I mean, you do reduce the velocity but that really isn't a true drag or friction. That is, a drag or friction is a force that affects acceleration, and thus indirectly affects velocity. Your approach may work if you get the coefficients worked out, but is not a drag or friction force. Its great as long as it does what you want.

A true drag acts opposite velocity not acceleration.

Why not apply a viscous drag, which is like an aerodynamic drag? It may work well for a varying time step. Apply the viscous drag force along a vector direction opposite the direction of velocity over whatever time step your current frame produces. Viscous drag naturally goes to zero as velocity goes to zero, so it scales naturally.

The magnitude of viscous drag can be calculated using this formula:

  
viscous_drag_magnitude = C_d * rho * vel * vel * ref_area


Here, C_d is a drag coefficient. For blunt bodies (i.e., spheres or similar) at low speeds start with C_d = 1.0 and tweak. rho is the density of whatever fluid the object is moving in (use rho = 0.0023769 slugs/cubic foot or 1.225 kg/cubic meter for air at sea level) vel is the magnitude of velocity of the object relative to the fluid (just the magnitude of velocity in world space if the fluid itself is not moving----i.e., there is no wind).

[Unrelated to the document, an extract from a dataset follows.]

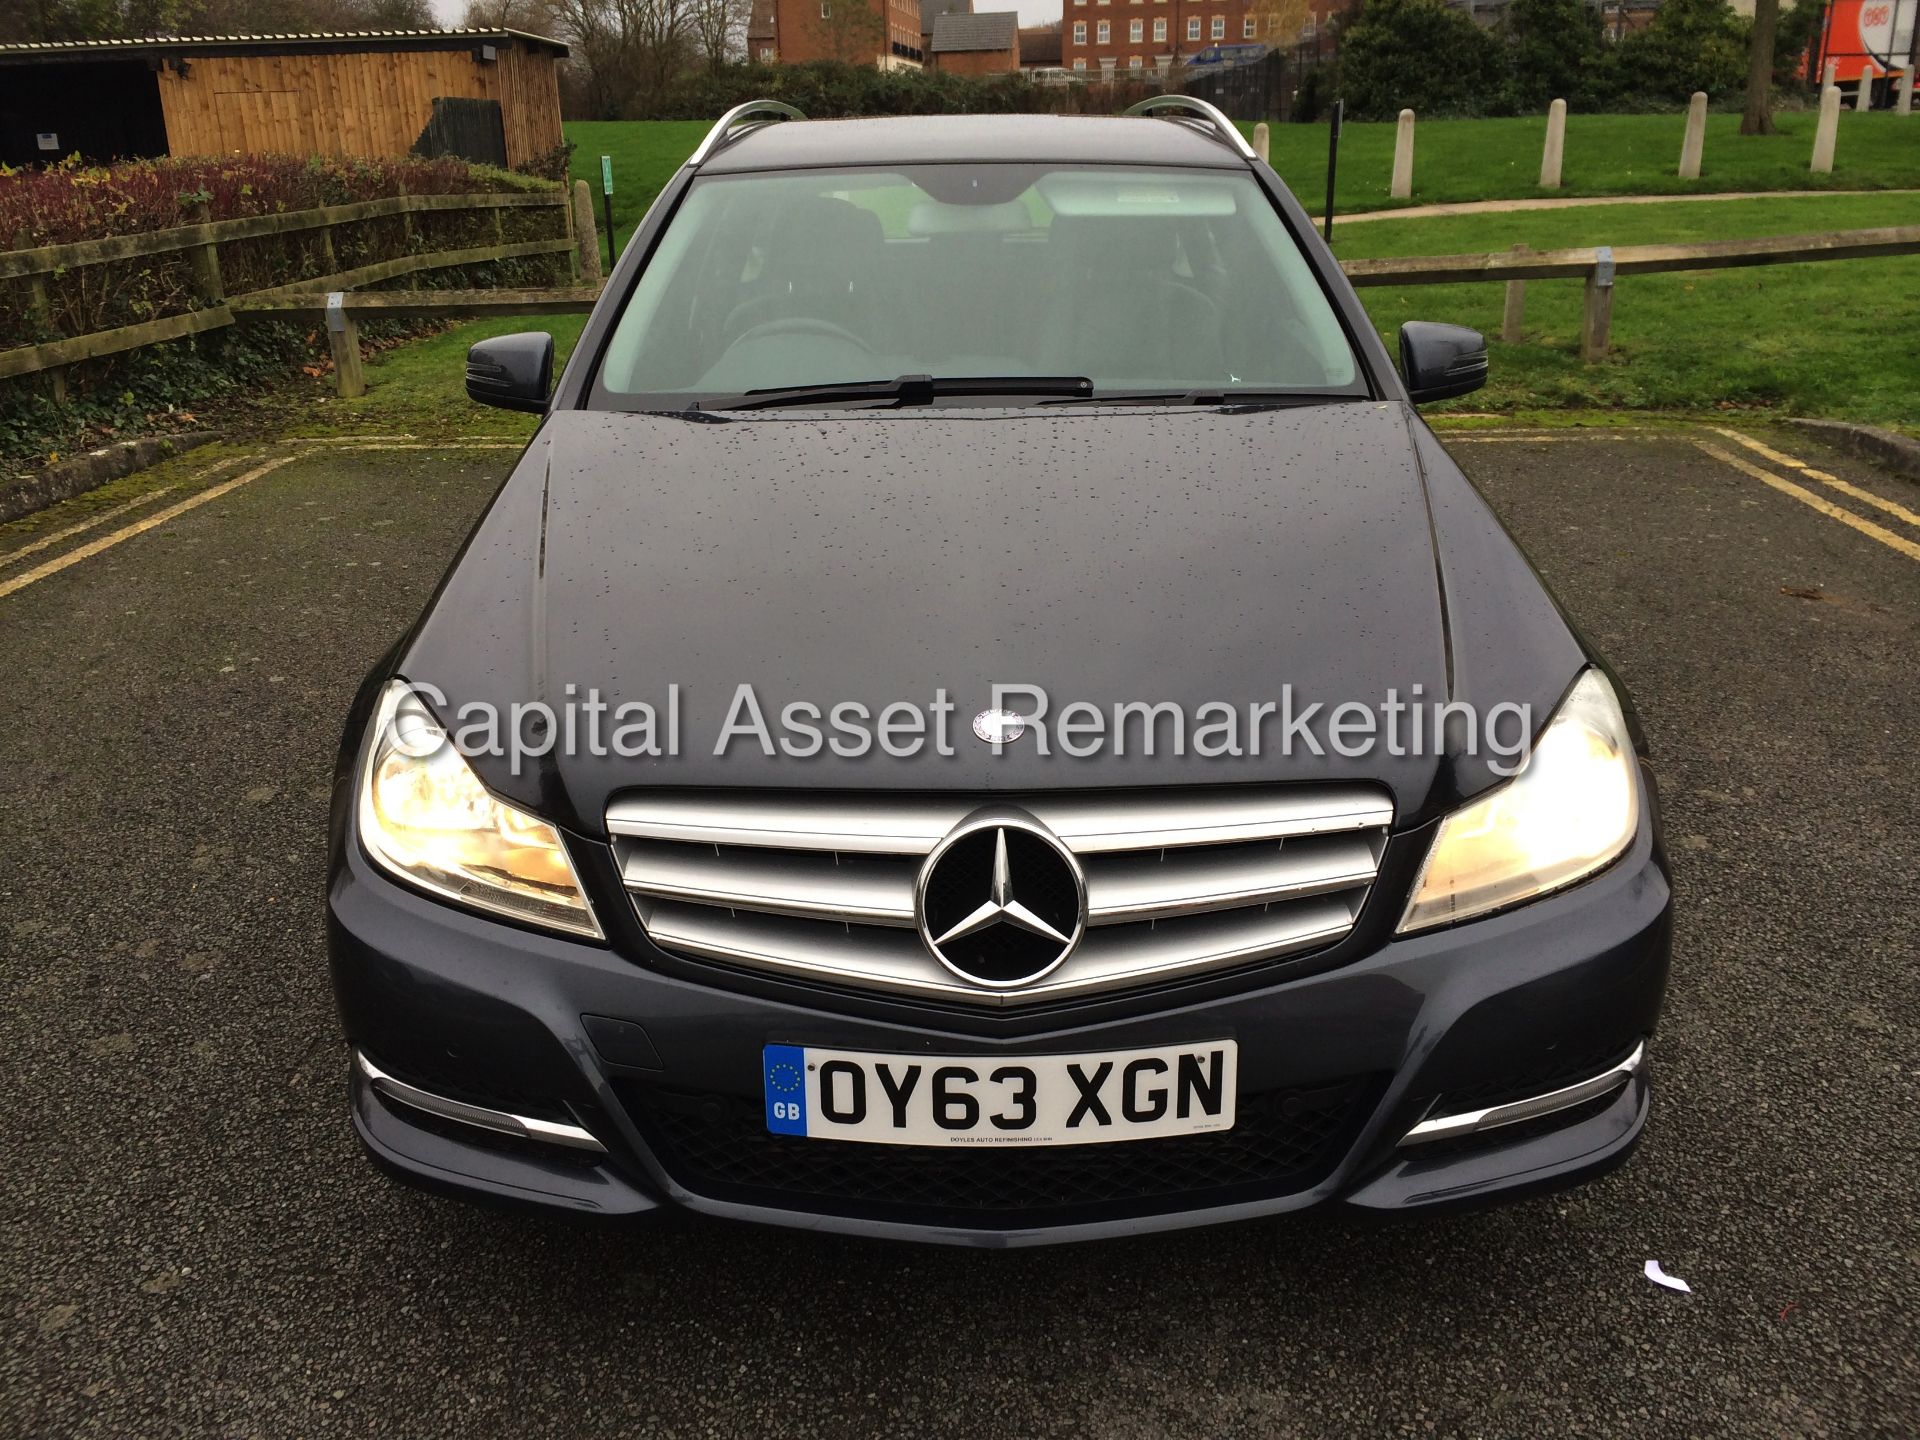 (ON SALE) MERCEDES-BENZ C220 CDI (2013 - 63 REG) 'BLUE EFFICIENCY' - 204 BHP (FACELIFT) LEATHER - Image 2 of 21

Make sure vel is consistent with your units for rho. And ref_area is a reference area, for a blunt body use the frontal projected area---there are of the object as projected onto a plane towards its front side. Make sure the units are consistent (if you use rho in slugs/cubic foot, ref_area should be square feet. If you use kg/cubic meter, ref_area should be square meters.) Drag will be in pounds if you're using slugs and feet and it will be in Newtons is you're using kg and meters.

(For units people, 1 pound is equal to 1 slug-foot/second_squared, and 1 Newton is equal to 1 kilogram-meter/second_squared----which you can figure since F = ma and the units on both sides of "=" have to be the same.)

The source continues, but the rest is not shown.